В главе 1 утверждается, что литература — продукт современного общества, который должен не только отражать жизнь этого общества, но и служить делу перемен в нем, его “трансформации”. Дж. Брукс считает, что такое положение (т.е. представление о задачах литера­туры, а точнее даже, “концепция культуры”) находит выражение в критических позициях радикальных западников (Literature and Society..., 1978: 100). Эта позиция, — пишет далее Брукс, — имела мало общего с революционными демократами и внутри нее суще­ствовали разные подходы к ее решению (либерал Милюков — ев­ропеизация; Михайловский и др. — связь интеллигенции с “мас­сами”; марксисты — развитие сознания рабочего класса). Все эти особенности Дж. Брукс связывает с таким явлением, как “культура интеллигенции” (“intelligentsia culture”). “Радикальным западни­кам” симпатизировали и представители интеллектуальной элиты, и “рядовые специалисты”; для них, по мысли автора, “культура интеллигенции” была способом некой идентификации своей лич­ности, — “так же, как это было с Новиковым на столетие раньше” (ibid). Таким образом, Брукс делает попытку выделить характер­ные для эпохи признаки читательской аудитории2, изучая как идей­ные и партийные предпосылки ее формирования, так и социаль­ный состав, находя связующие звенья между этими элементами.

Так, говоря об особенностях этой новой аудитории, Брукс заме­чает: “Это были и не фермеры, и не западноевропейские буржуа, но довольно причудливый — в силу особого исторического разви­тия России — средний класс из специалистов и администраторов, многие из которых служили в центральных и местных государ­ственных структурах” (например, в 1897 г. из более чем 700 тыс. администраторов и специалистов только 200 тыс. работали в част­нопредпринимательском секторе и сельском хозяйстве, а примерно 370 тыс. находились на службе в государственных учреждениях здравоохранения, образования, культуры и связи) (ibid: 99).

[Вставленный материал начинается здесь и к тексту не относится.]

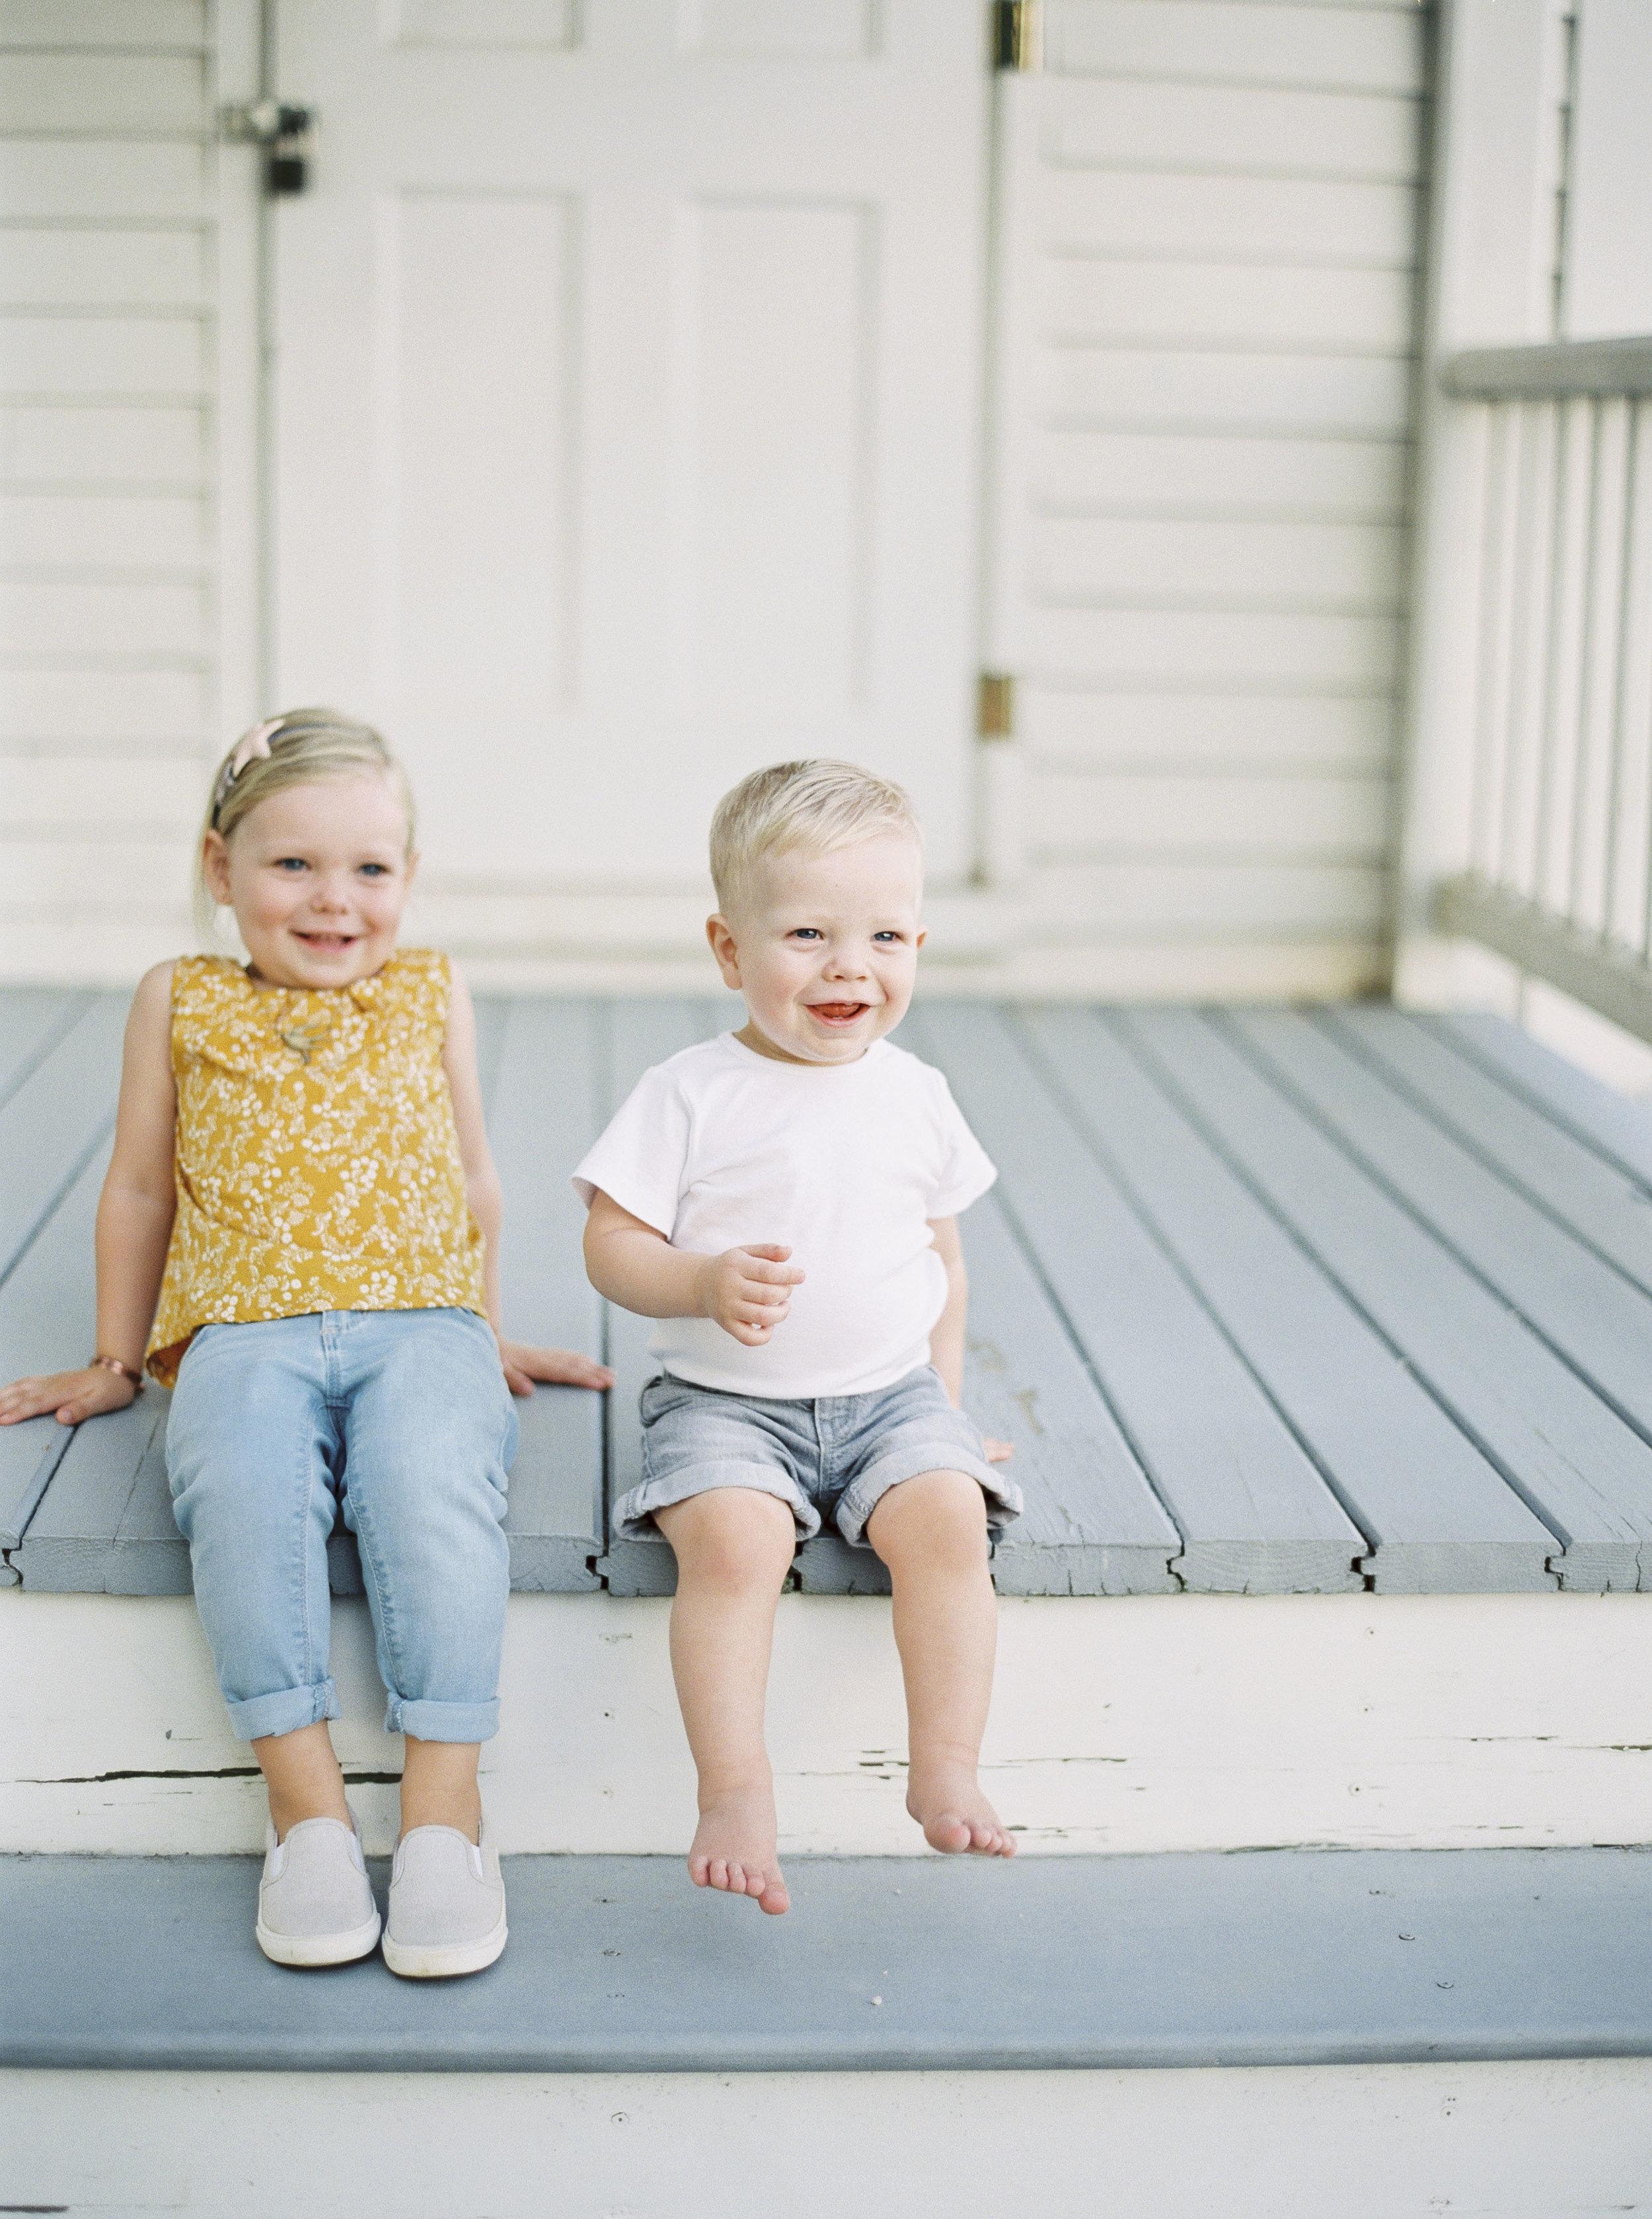 DC family photos Amanda Lenhardt Photography Dallas Based Photographer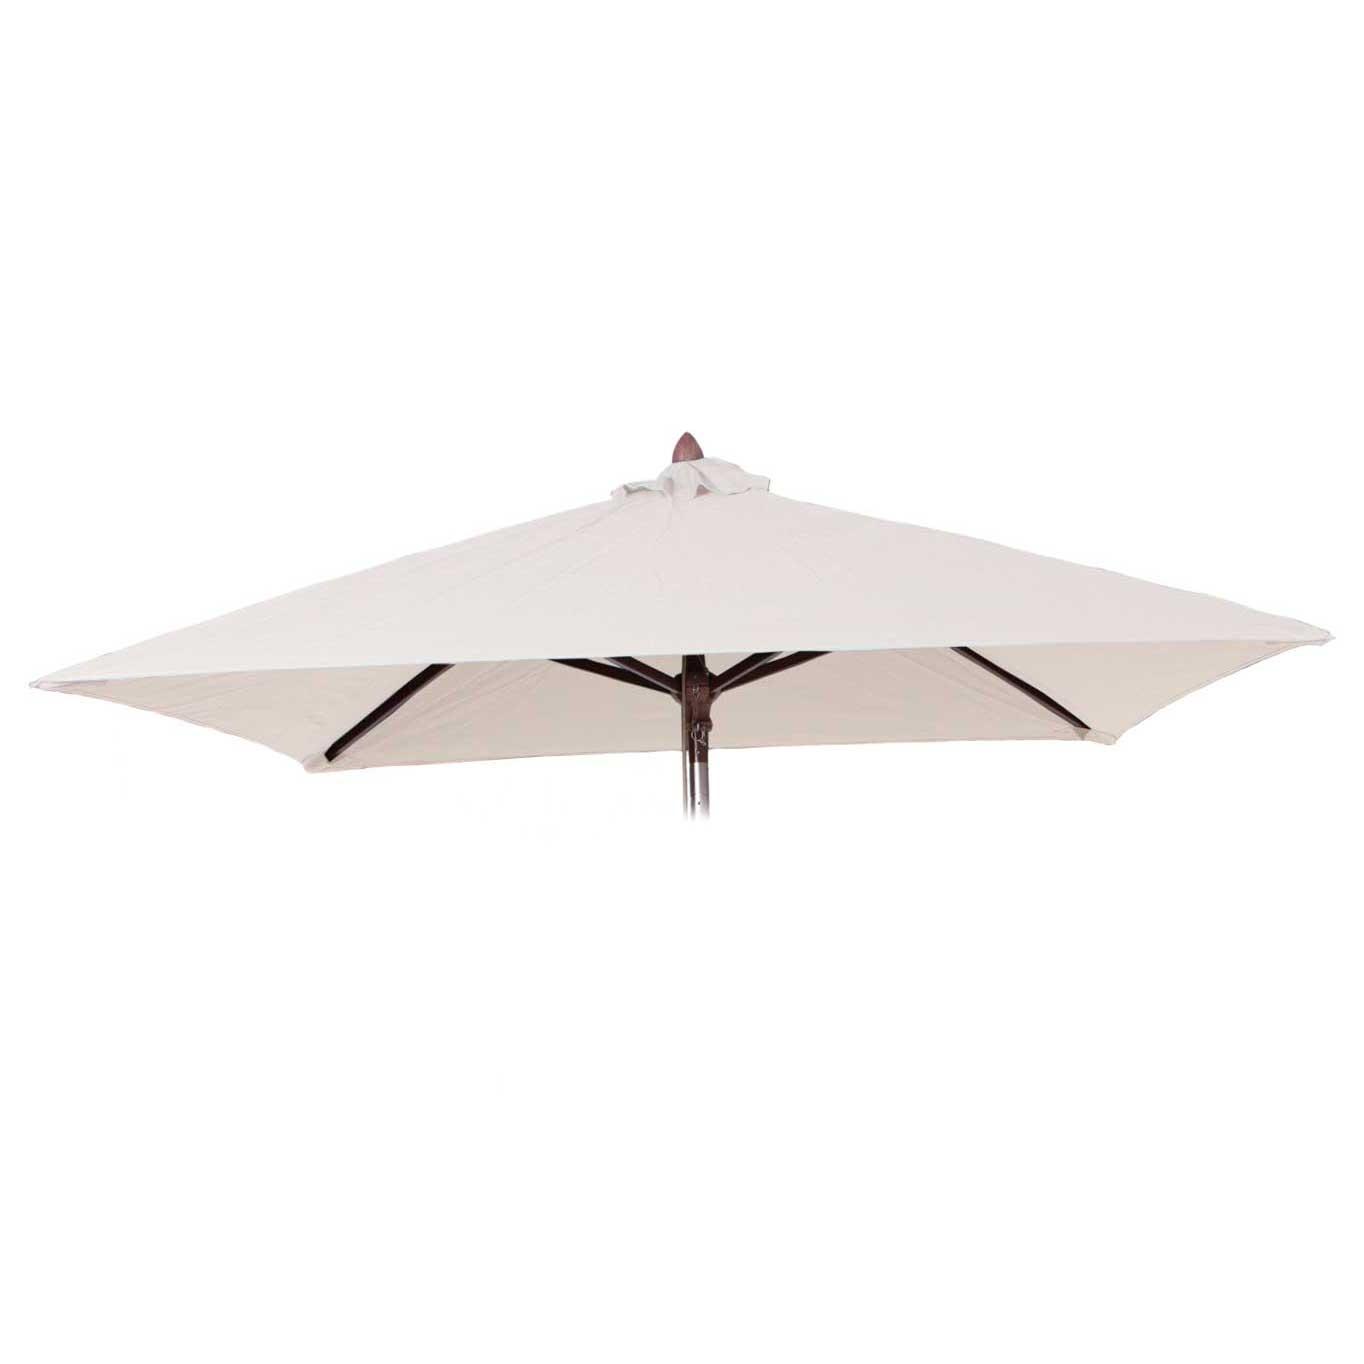 Parasoldoek Borek 200x200cm ecru (olefin)

Вся аудитория, по мысли Брукса, состояла из отдельных групп, приверженных собственной “подкультуре”. При этом возникает своего рода “вторая культура” новой аудитории: “Переоценка цен­ностей среди образованных русских людей породила новые пер­спективы и измененное чувство единения в среде читателей бел­летристики. В то же время возникает небольшая, но значимая читательская клиентура, пристрастившаяся к особенной, экзоти­ческой литературе русского модернизма”3 (ibid: 98).

Для вышеназванного “среднего класса”, как показывает автор, естественным было формирование критического подхода к жизни и соответствующего образа чтения. Развивалось стремление сде­лать жизнь и в городе, и в деревне “цивилизованной”. Шла “куль­турная работа”, и в этом смысле Брукс придает значение также и “малым делам”, которые, как верили их сторонники, могли бы по­мочь преобразовать общество. Здесь автор приводит как пример личность “либерального лидера” П.Н. Милюкова (ibid: 100) и из­дание “Истории русской культуры”, опубликованное в 1890-e гг.

Дж. Брукс обращается к примерам культурных и политических процессов в жизни других народов, чтобы ярче выразить свое представление о соответствующих тенденциях в культурном слое России. В этой связи он показывает, в частности, следующую ан­титезу: «В то время как китайский культуризм (“culturism”) под­держивал существующий порядок, русский культуризм осуждал его. Для многих образованных русских людей факт национальной принадлежности отошел на второй план на фоне культурной при­надлежности, основанной на жизненных идеалах интеллигенции и вбирающей опыт культурных связей между Россией и Западом. Чувство культурного превосходства и дистанцированности от на­рода придали русской интеллигенции сознание особой роли, ко­торую она должна была исполнить по отношению к массам. В дан­ной статье культуризм объясняется этим единением понятий об истинных ценностях и своей миссии» (примечания к с. 100—101).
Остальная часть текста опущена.